For one thing, I now make a conscious effort to cut back on my 'gram game starting in May. At first, I would delete the app every weekend (I need it for my job Mon through Fri) and now by using the genius invention of Instagram's activity timer, which notifies you once you spent your self-allotted amount of time on the app. Focusing less on filtered feeds helps me heed comparisons and feel less guilty about my choices and behaviors that are my own self-care.
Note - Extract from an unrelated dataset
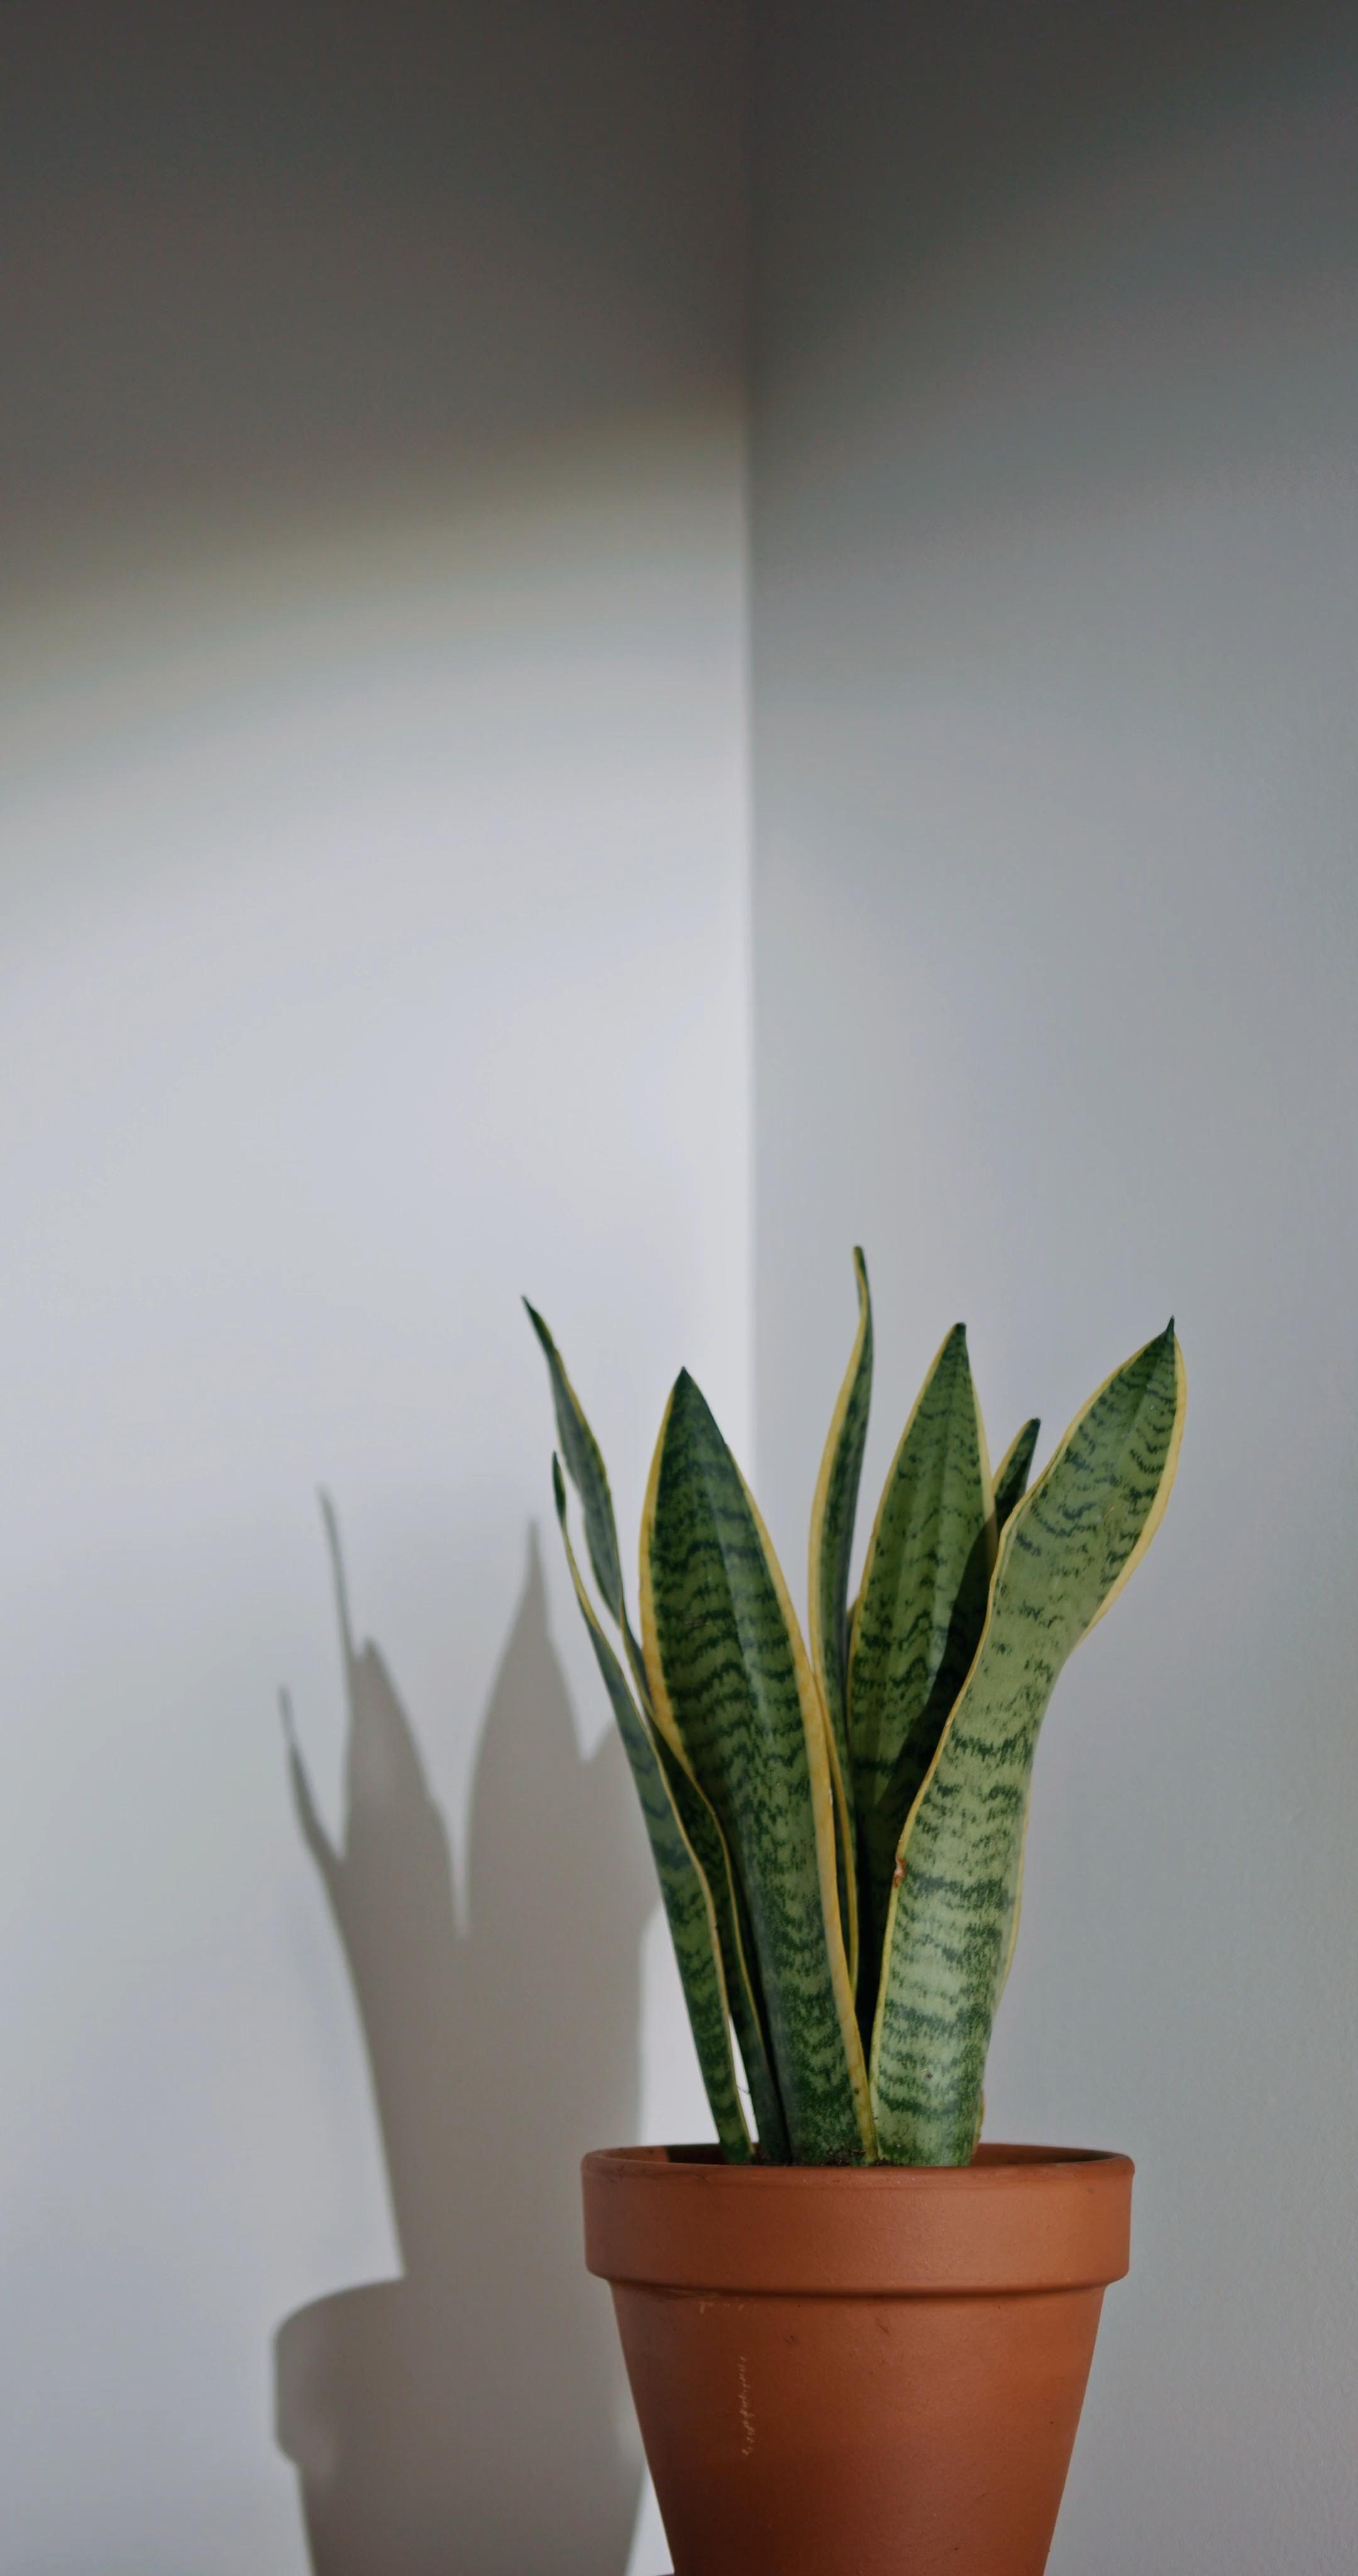 Video Rustic Laser Studio Affordable Way To Personalize Your Home Or Office Wallpaper Tanaman Bunga Kering Tanaman Hijau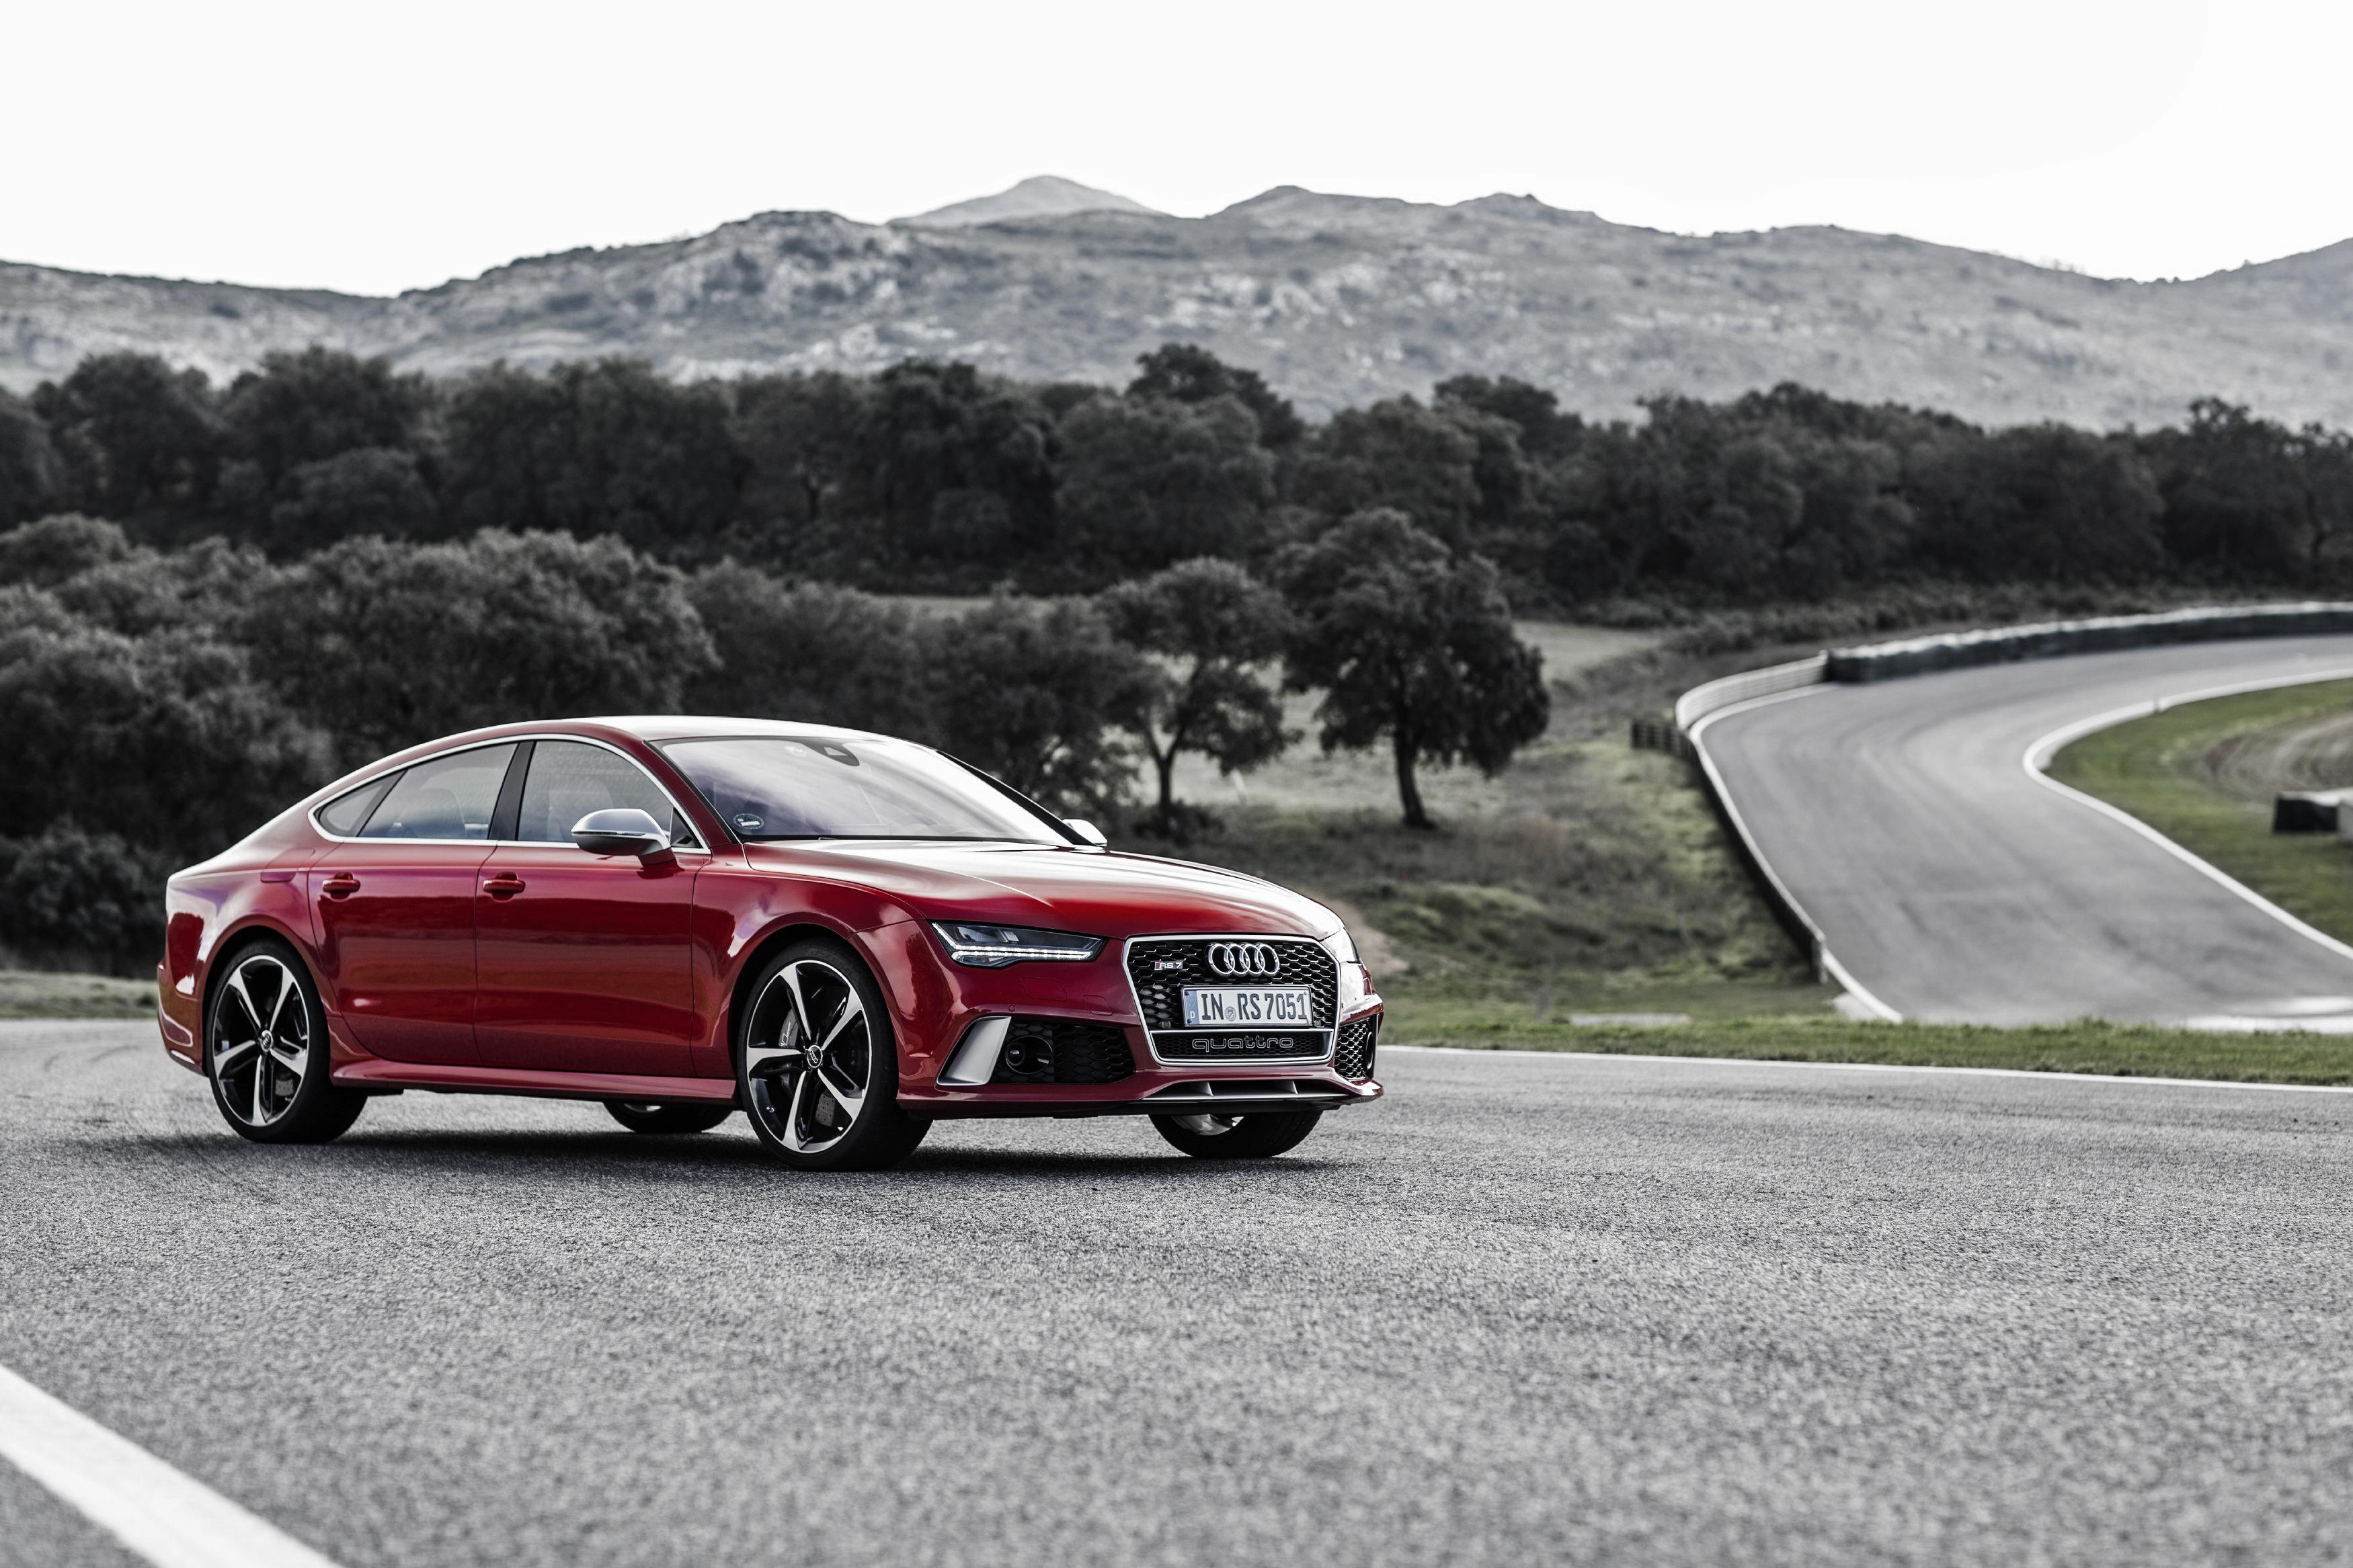 Audi RS7 Fond d'écran HD | Arrière-Plan | 3500x2333 | ID:920910 - Wallpaper Abyss

As a result, I'm able to become more self-assured to leave all the frolicking, Aperol spritz cheers-ing to others (and there's nothin' wrong with that, btw!) and stick with what I *know* puts me in a better mental place when I need to: reading, coloring, movie-watching, hell, even cleaning (as long as I'm indoors and inches from an a/c box).

Obviously, hopping off of Insta doesn't magically cure summer mental health woes. But having a rolodex of remedies—and an excellent therapist, too—definitely helps.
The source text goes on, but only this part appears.